1. Workplace-romance ethics: there’s a hierarchy (CEO/employee). The show treats it in a romantic, glossy key without really problematizing it; if you want a serious take on power and boundaries, this isn’t the one.
2. “Light” conflicts: obstacles and misunderstandings resolve quickly and painlessly; the emotional stakes remain medium-low by design.
3. Product placement: visible and frequent (part of the commercial package); if it bothers you, it’ll pop out of the frame now and then.

Themes (without pushing beyond the genre):

The series brushes against family expectations and class/image (family name, “useful” marriage), but doesn’t truly open those files: it uses them as framing to legitimize romantic choices. Consistent with the goal: comfort rom-com rather than social critique.

Performances:

1. Kim Sejeong (Ha-ri): natural charisma, musical comedy sense (eyes/voice/timing), and a non-syrupy warmth in serious beats.
2. Ahn Hyo-seop (Tae-mu): starts rigid, gradually finds tender shades without losing the “CEO” imprint.
3. Seol In-ah & Kim Min-kyu: the secondary couple delivers an excellent comedic-romantic counterpoint; many memorable moments come from them.

OST & Look:

Catchy OSTs—no instant classics, but they do the job for a bright tone. Polished styling, luminous palette, cinematography that “dusts” every setting: the aesthetics are clean and consistent with the promise of lightness.

Personal impression:

I had fun—not because it reinvents the genre, but because it keeps its promise: lively, well-acted, with chemistry that holds even when the script chooses the easy road.
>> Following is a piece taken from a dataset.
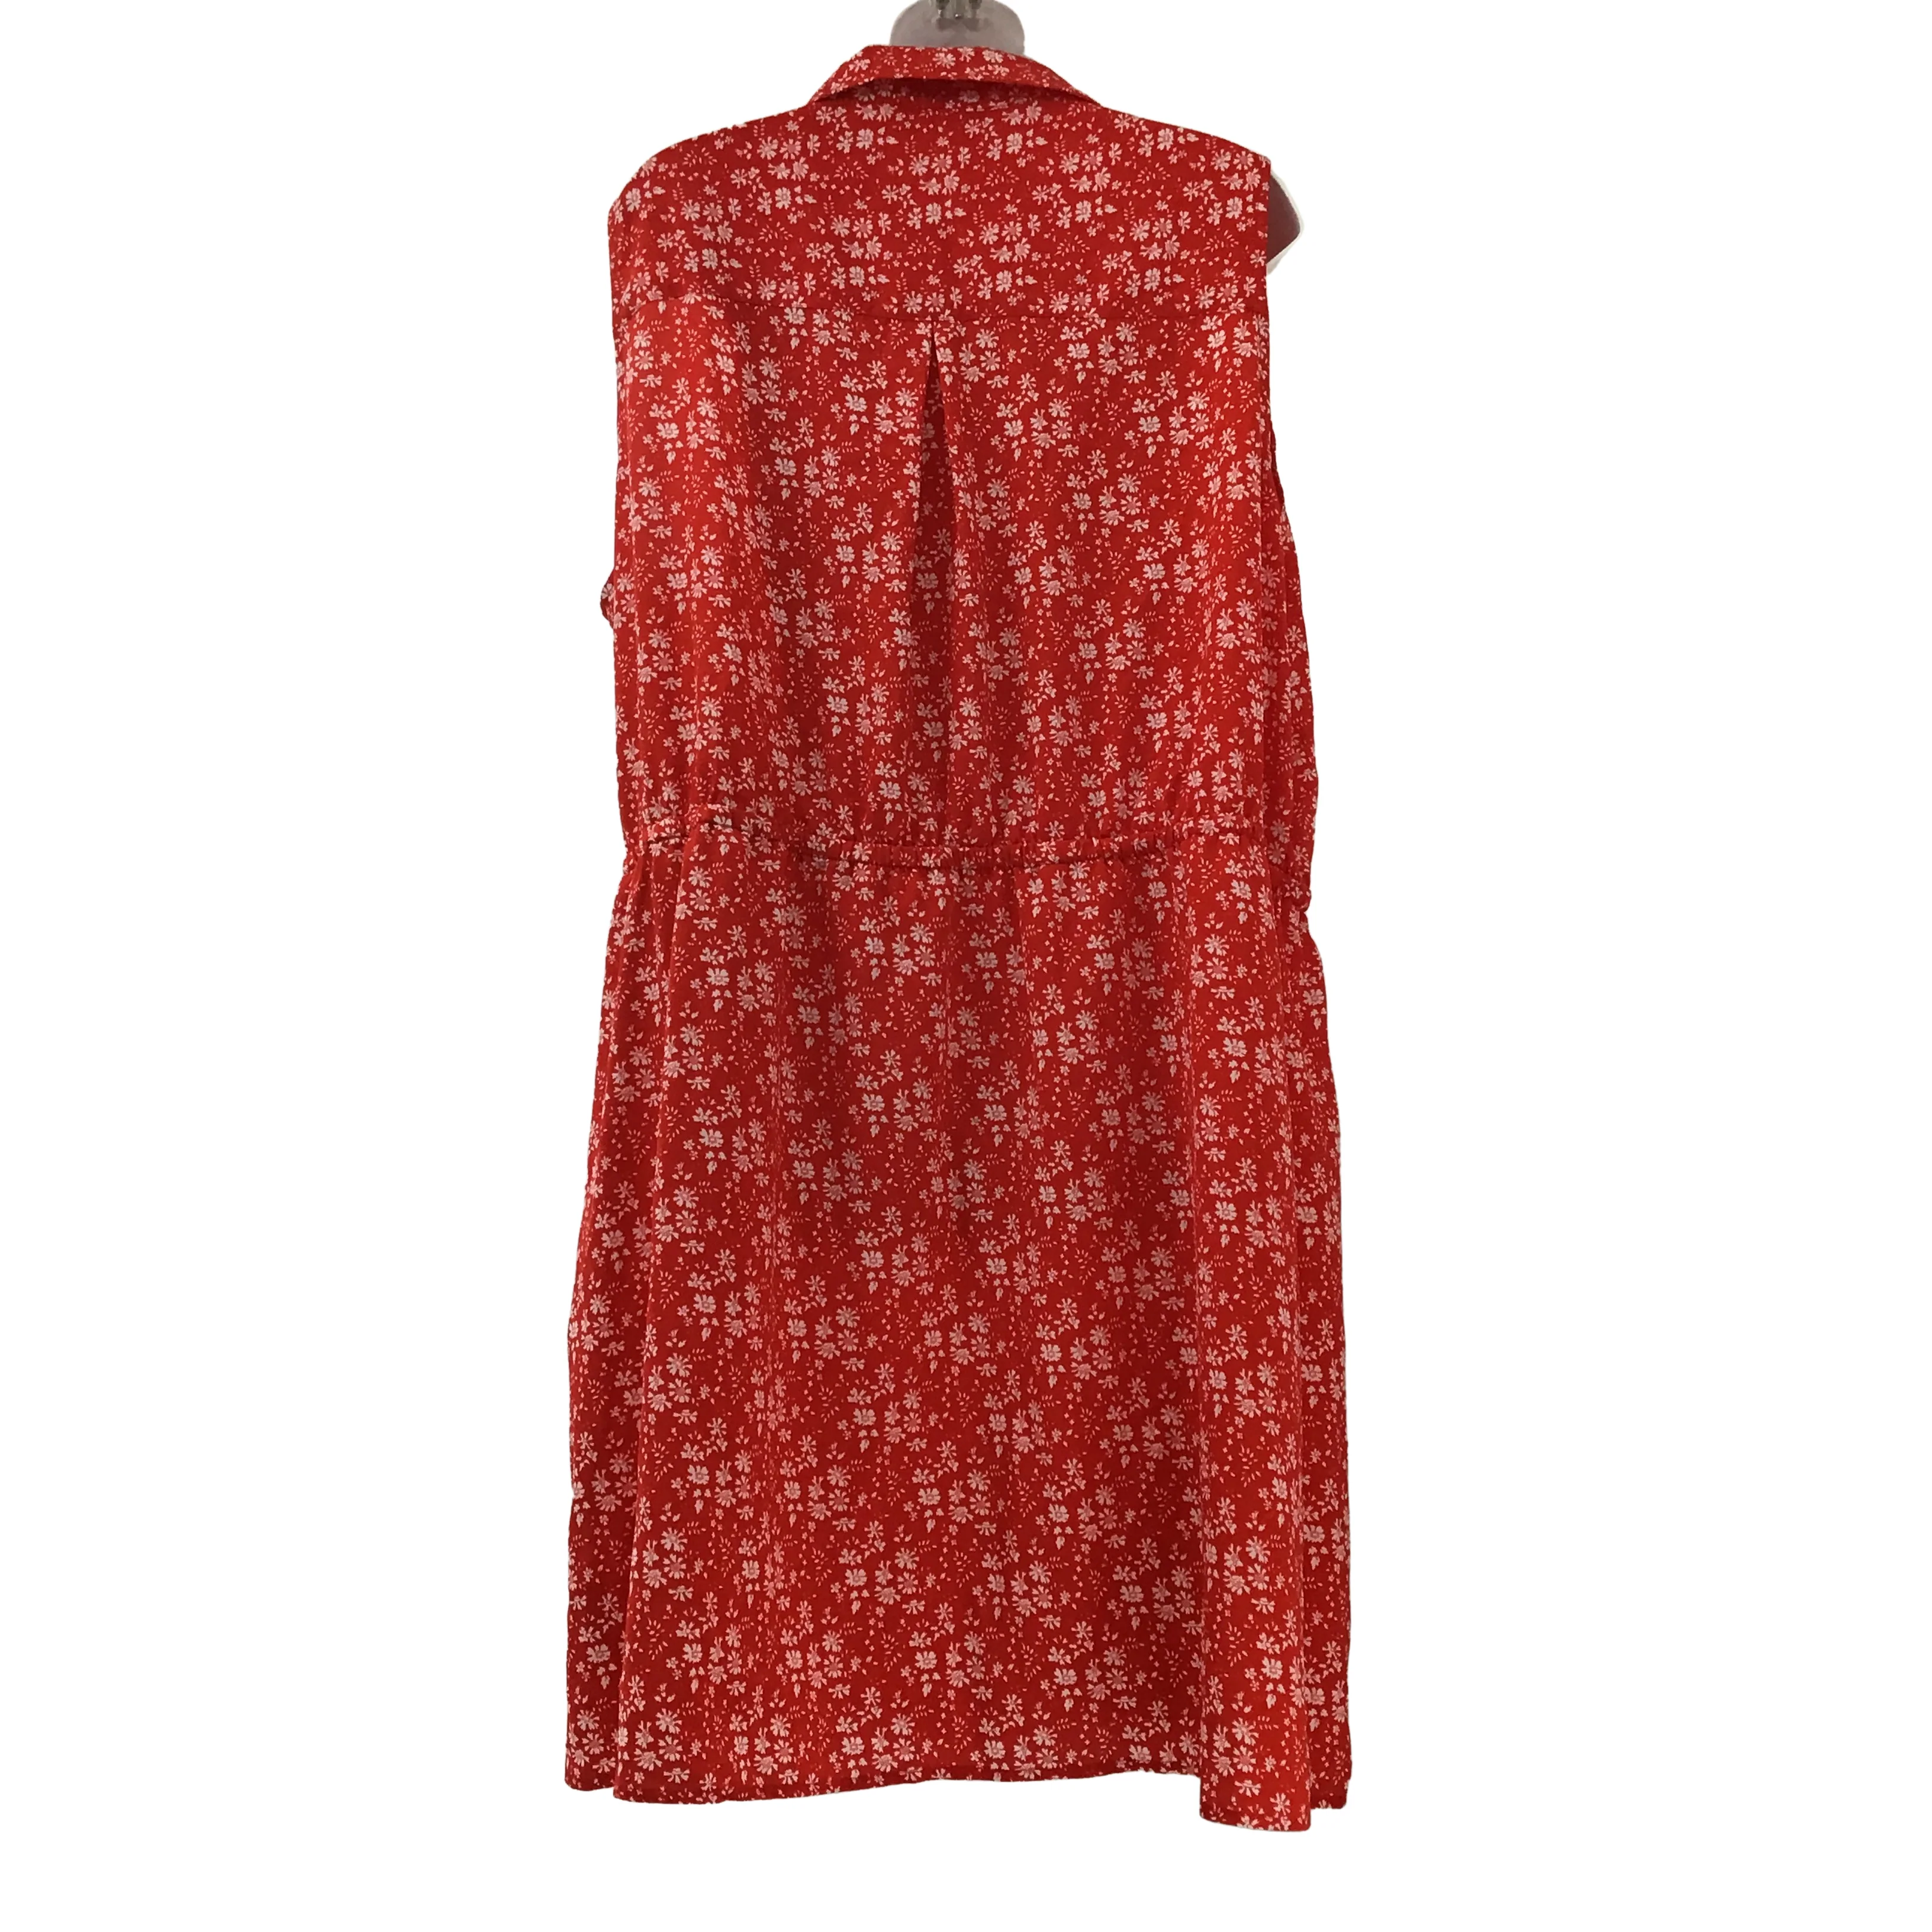 Mario Serrani : Women's Dress / Red /Floral / XL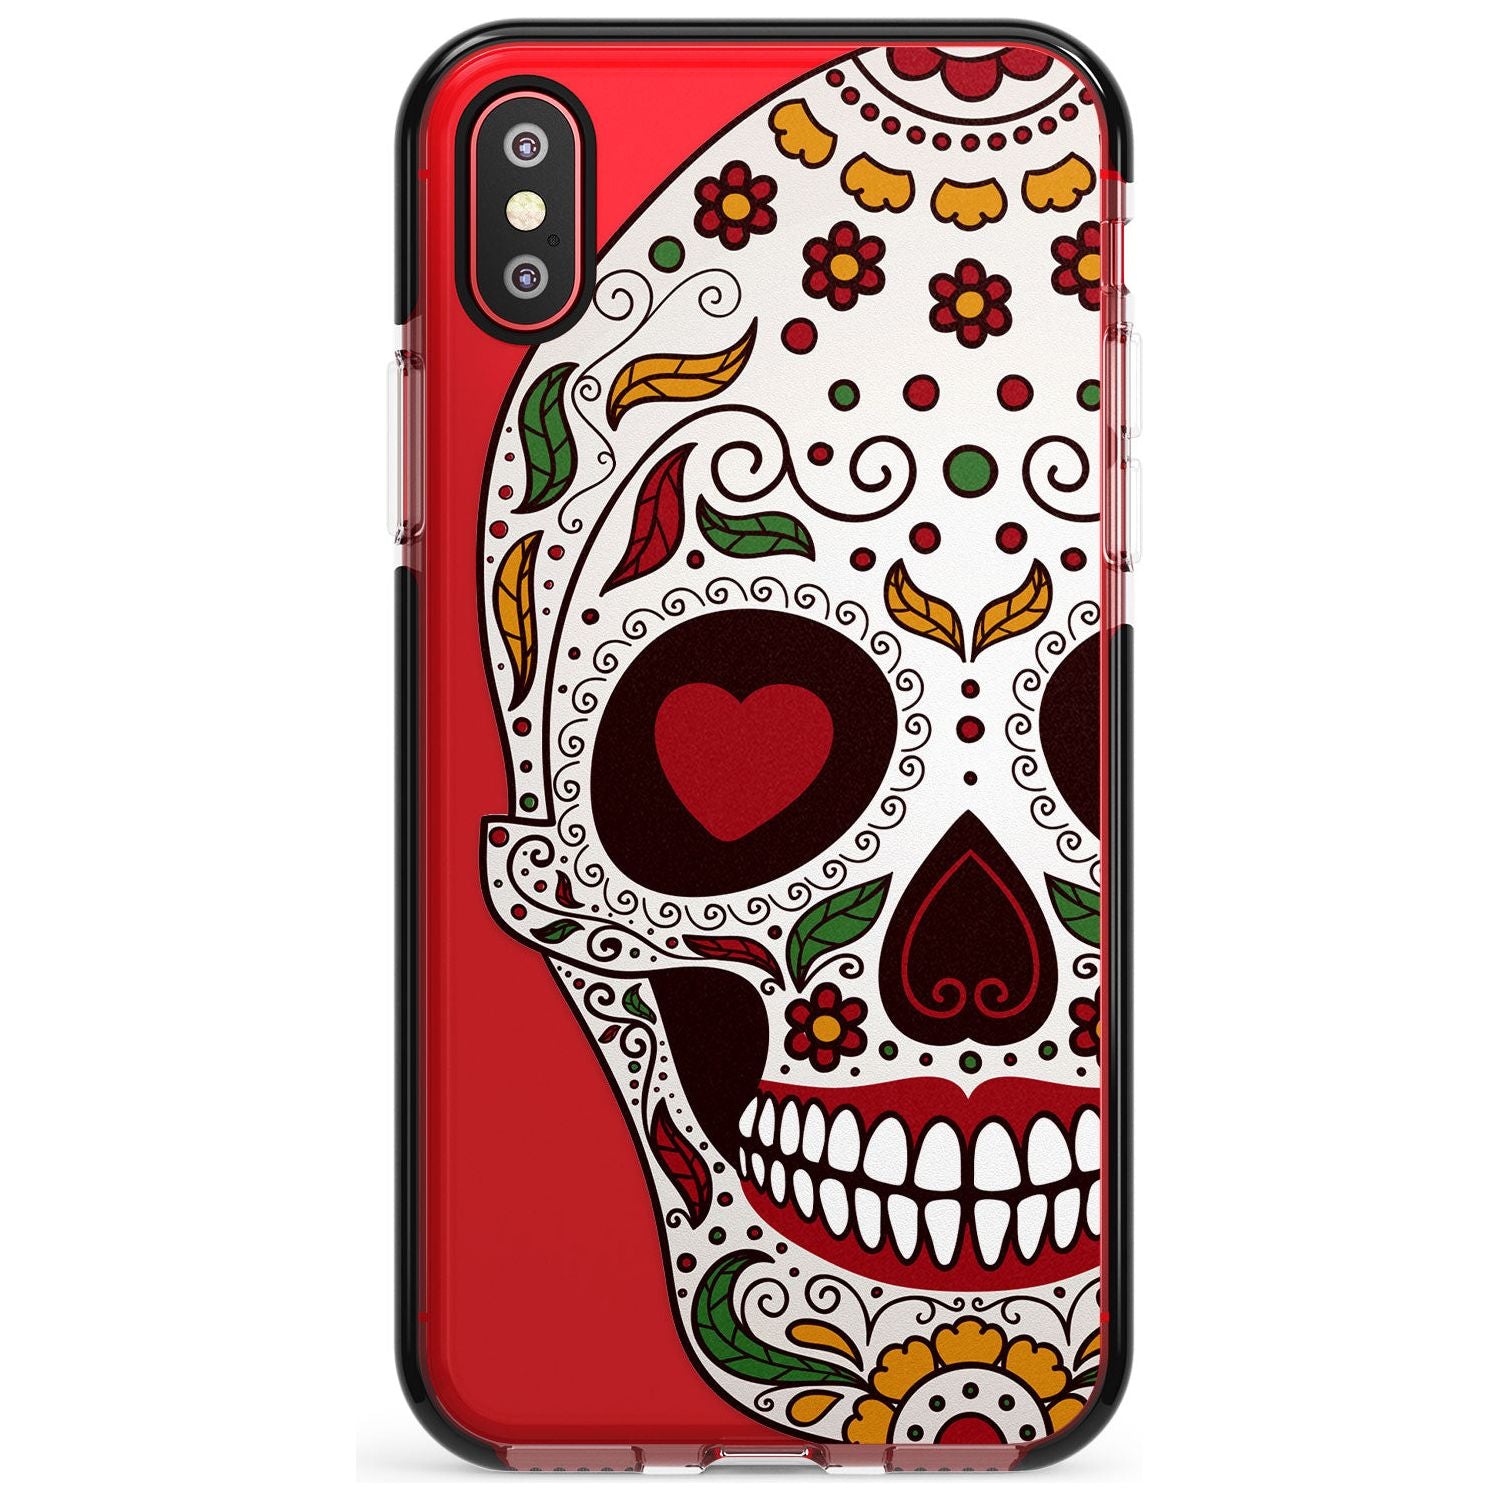 Autumn Sugar Skull Black Impact Phone Case for iPhone X XS Max XR

If you’re looking for moral complexity or grounded realism, this isn’t it; if you want a well-packaged romance, it hits the mark.

Conclusion:

A Business Proposal is an efficient, sparkling rom-com: it lines up the tropes, polishes them, snaps them together with pace, and serves them with leads in great form. It isn’t deep, but it doesn’t pretend to be—and in its lane, it plays like a frontrunner.